Submitted by hobbitlover t3_12337br in askscience
Just watched the movie Life, and like in every space Sci-Fi movie there's an open hatch at one point and all the air gets sucked out, threatening to pull everyone out into space. I can see some violent air movement when the decompression happens, but it doesn't seem possible that that movement could sustain itself for long enough to be a problem.
Does anybody know what would really happen? I know there was one small hole in the ISS and nothing happened - a slight drop in the pressure that they let the crew sleep through and a small patch.

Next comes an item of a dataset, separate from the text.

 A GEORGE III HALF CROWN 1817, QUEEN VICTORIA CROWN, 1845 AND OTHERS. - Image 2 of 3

kompootor t1_jdu1n6t wrote
For a spacecraft pressurized at 1 atmosphere, a puncture would cause the nearby air (and anything that it can blow with it) to move surprisingly slowly and gently compared to what's depicted in Hollywood. The correct speed of a fluid being sucked out into space is depicted in season 1 of The Expanse (nsfw gory clip). You can do a back-of-the-envelope calculation of this pretty easily (I forget the exact number) and you'll find that the flow of air is being sucked out is the same regardless of the size of the hole (for a puncture larger than a pinhole and smaller than the entire wall).

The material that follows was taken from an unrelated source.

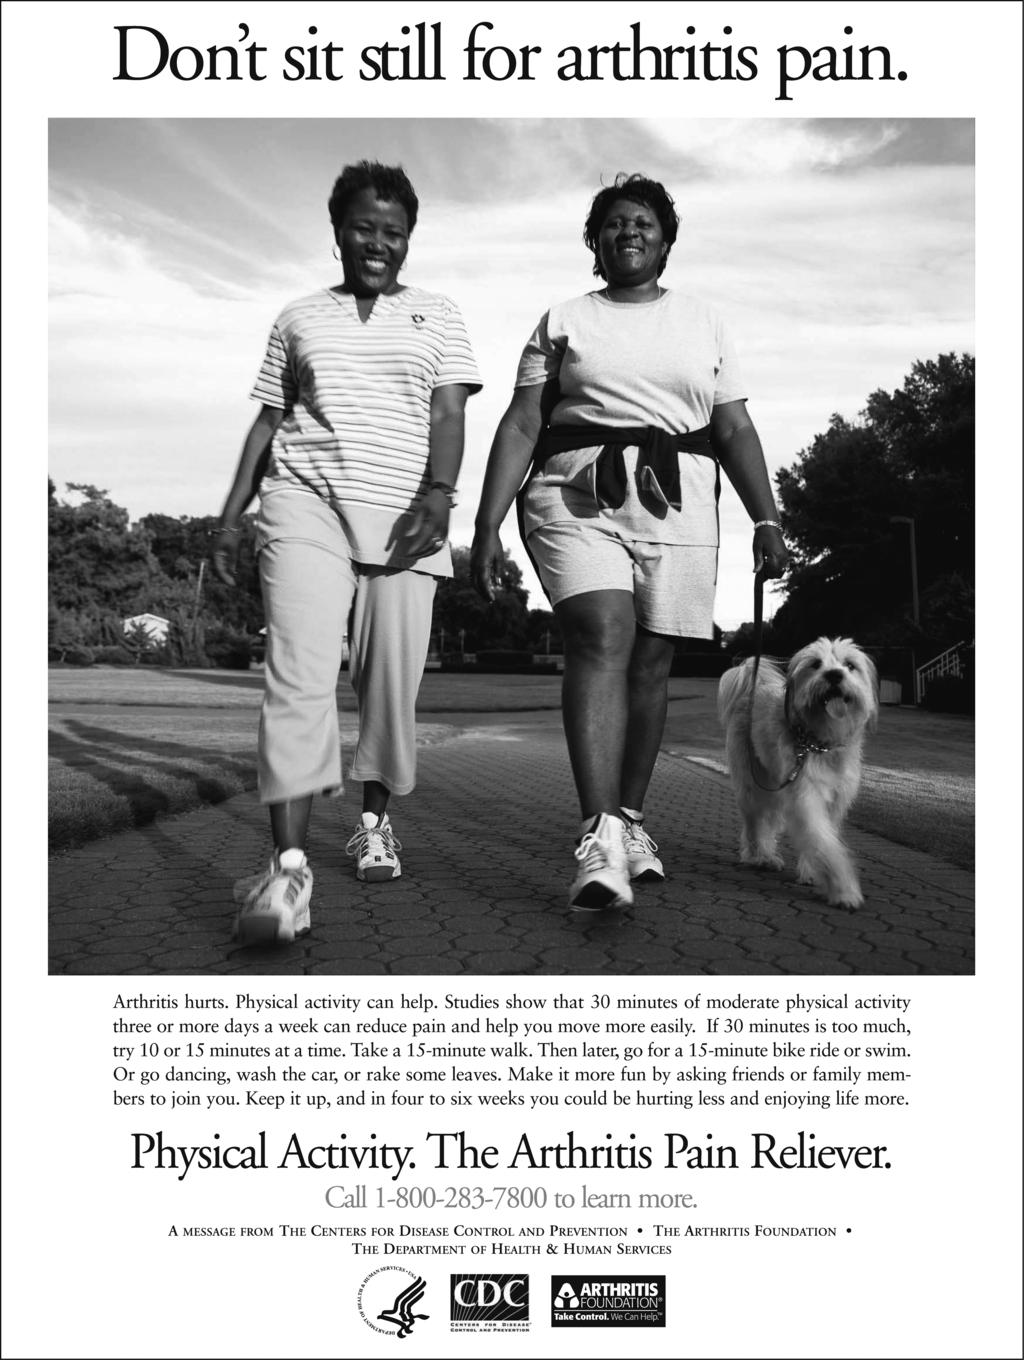 FIGURE 1. Print advertisement from a health communications campaign. An example of a collaboration between the AF, the CDC, and the Department of Health and Human Services.

Also, the force felt from the vacuum is highest near the puncture -- it's a pressure gradient that quickly feels negligible as one moves inward into the ship -- i.e., as more of the ship's air lies between you and the puncture.
So if you're ever in hand-to-hand combat with a vicious alien xenomorph queen, about to be ripped to shreds, and your last hope is to release the air lock... then it was nice knowing you.
[I'm being exceptionally lazy with this comment -- mixing different quantities in the same description, not bothering to look up further reading for you, etc. -- probably because I know the calculation's somewhere in my notes from the past couple years but I can't find it offhand. At the end of the day though, until I either show the math or show other sources, it all just looks bad.]